Alright now in the morning we had a test on probability which I'm sure most of you did well on as it seem easy, all that review and group work payed off i guess.

As for the afternoon class we started to introduce our new unit a bit more, Sequences.

A Sequence is an ordered list of numbers that follow a certain pattern or a rule

we learn a few definitions as shown on today's slides:

we work on questions such as:

8, 14, 20, 26, 32, .......

we know by looking at this that it appears to be increasing by 6

so the next 3 values would be 38, 44, 50, but what will be the 56 value? the 116?

you could count all the way up to the 56th term but that's a lot.

so we can create a formula for this sequence.

So now to find a Common Difference

to refer to the Common Difference we use d.

To find d we will need to find the value of 2 terms tn and t(n-1).

so d=tn-t(n-1)

d=t2-t1

d=14-8

d=6

now to create the formula for this Sequence.

to find the nth term in an Arithmetic Sequence. we use:

tn=a+(n-1)d

a being the first term in this case 8

n is the "rank" of the nth term in the sequence which is 56 and 116.

d as we know is the common difference.

now that we have the formula we can find t116 and t56

t116:

Solution:

a=8

d=6

n=116

t116 = 8 + (116-1)(6)

t116 = 8 + (115)(6)

t116 = 8 + 690

t116 = 698 therefore the 116th term will be 698.

t56:

Solution:

a=8

d=6

n=56 (other values have stay the same only thing different is the n term of the sequence)

t56 = 8 + (56-1)(6)

t56 = 8 + (55)(6)

t56 = 8 + 330

t56 = 338 therefore the 56th term will be 338.

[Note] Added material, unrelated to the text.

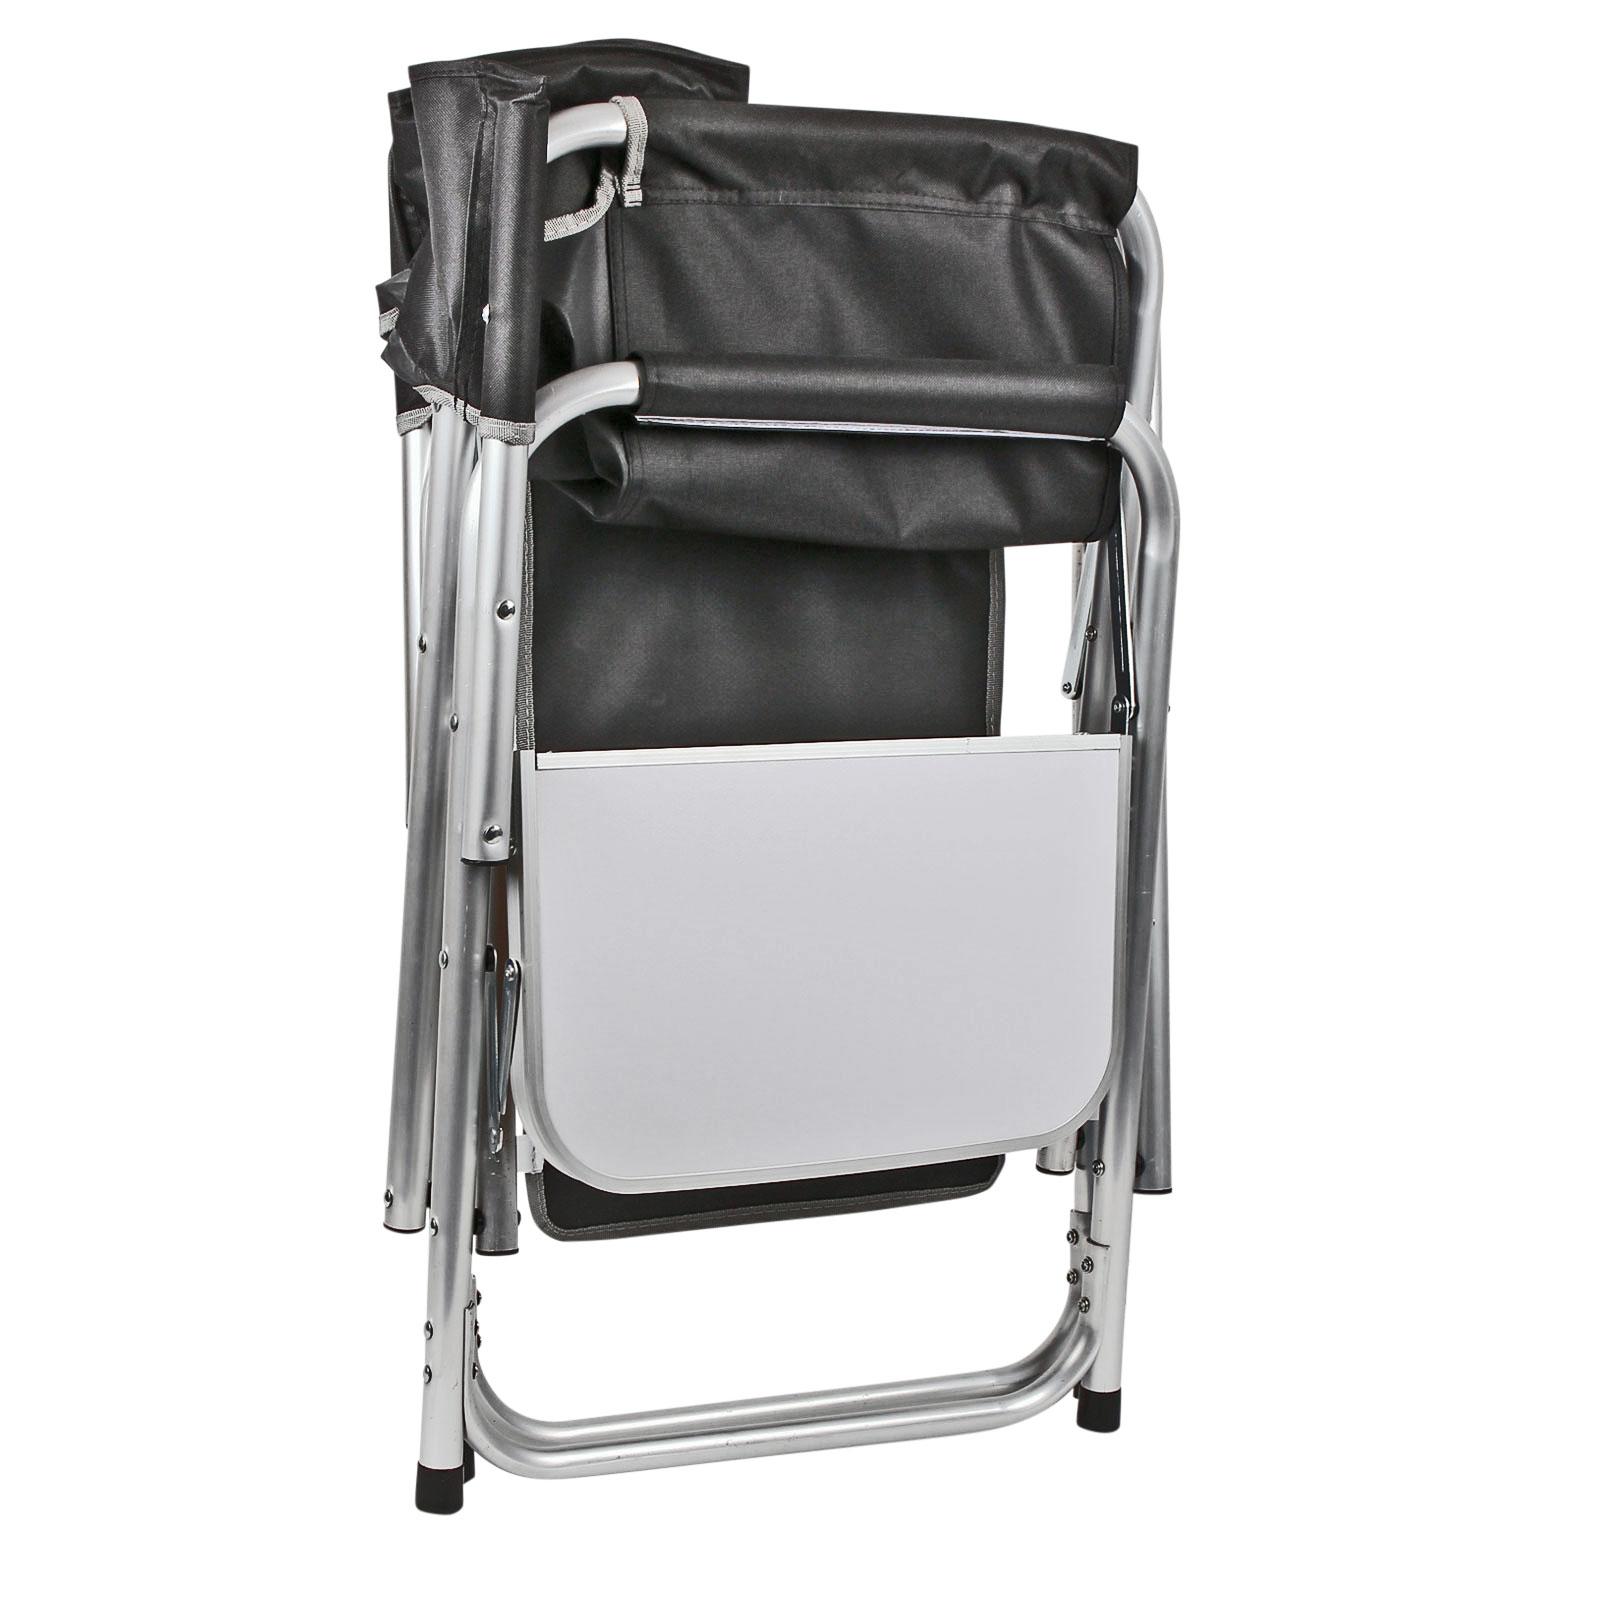 camping m bel set 1x tisch bali 2x campingstuhl klappbar mit ablage utensilo ebay. Black Bedroom Furniture Sets. Home Design Ideas
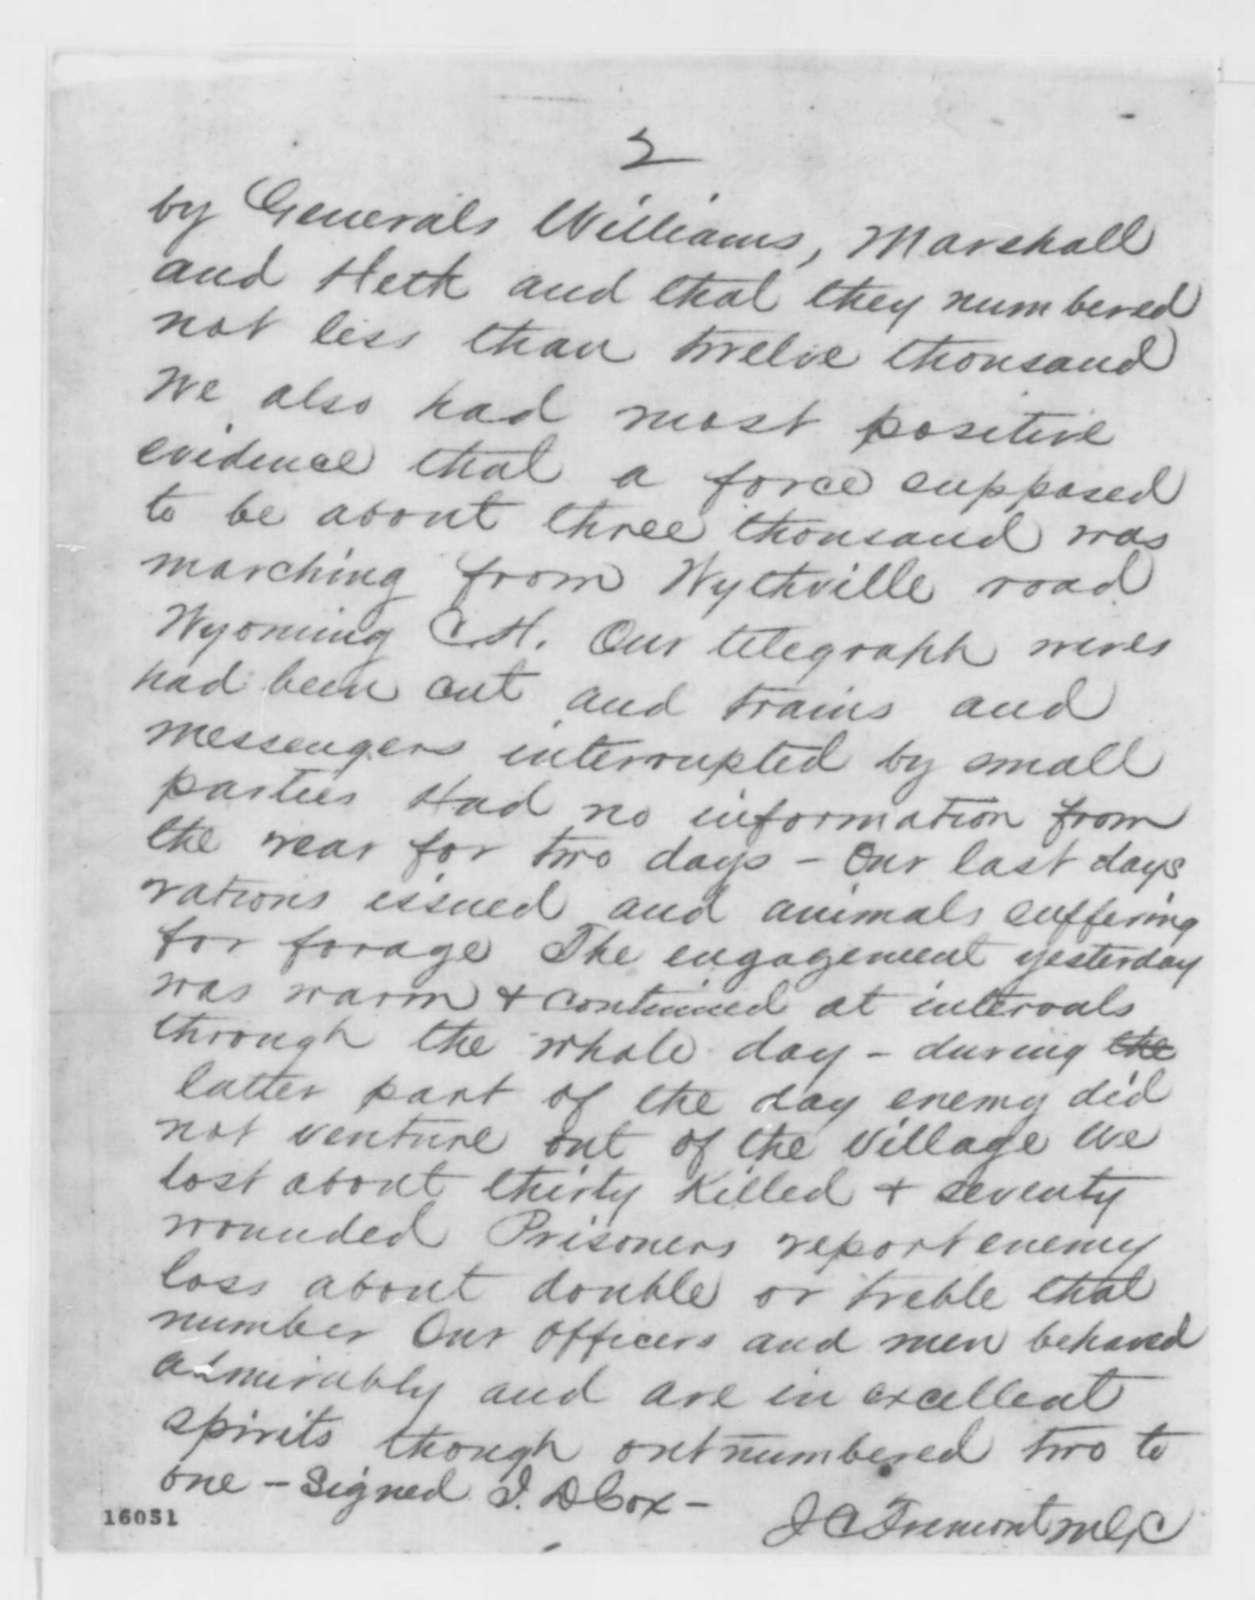 John C. Fremont to Edwin M. Stanton, Monday, May 19, 1862  (Telegram regarding military affairs)

to find the implicit/linear function

using: y=mx+b we can find this function

since this sequence(8,14,20,...) is constantly increase by 6 we now that this is a linear function

we can create the equation is we know:

d and the y intercept

we already know d so lets find the y-int

m=d

b=y-int

x=n

So we already know: tn=dn + b

to find b we must find the oth term to do this we know the sequence increase by 6 so from 8, the 1st term we can find the 0th term

t0=8-6

t0=2

and there we have it t0, which is the y-int is b so the equation is:

tn=6n + 2

so to test this let use n=4 which is 26

t4 = 8 + (4-1)(6)

t4 = 8 + (3)(6)

t4 = 8 + 18

t4 = 26 therefore the 4th term dose = 26 to our first equation.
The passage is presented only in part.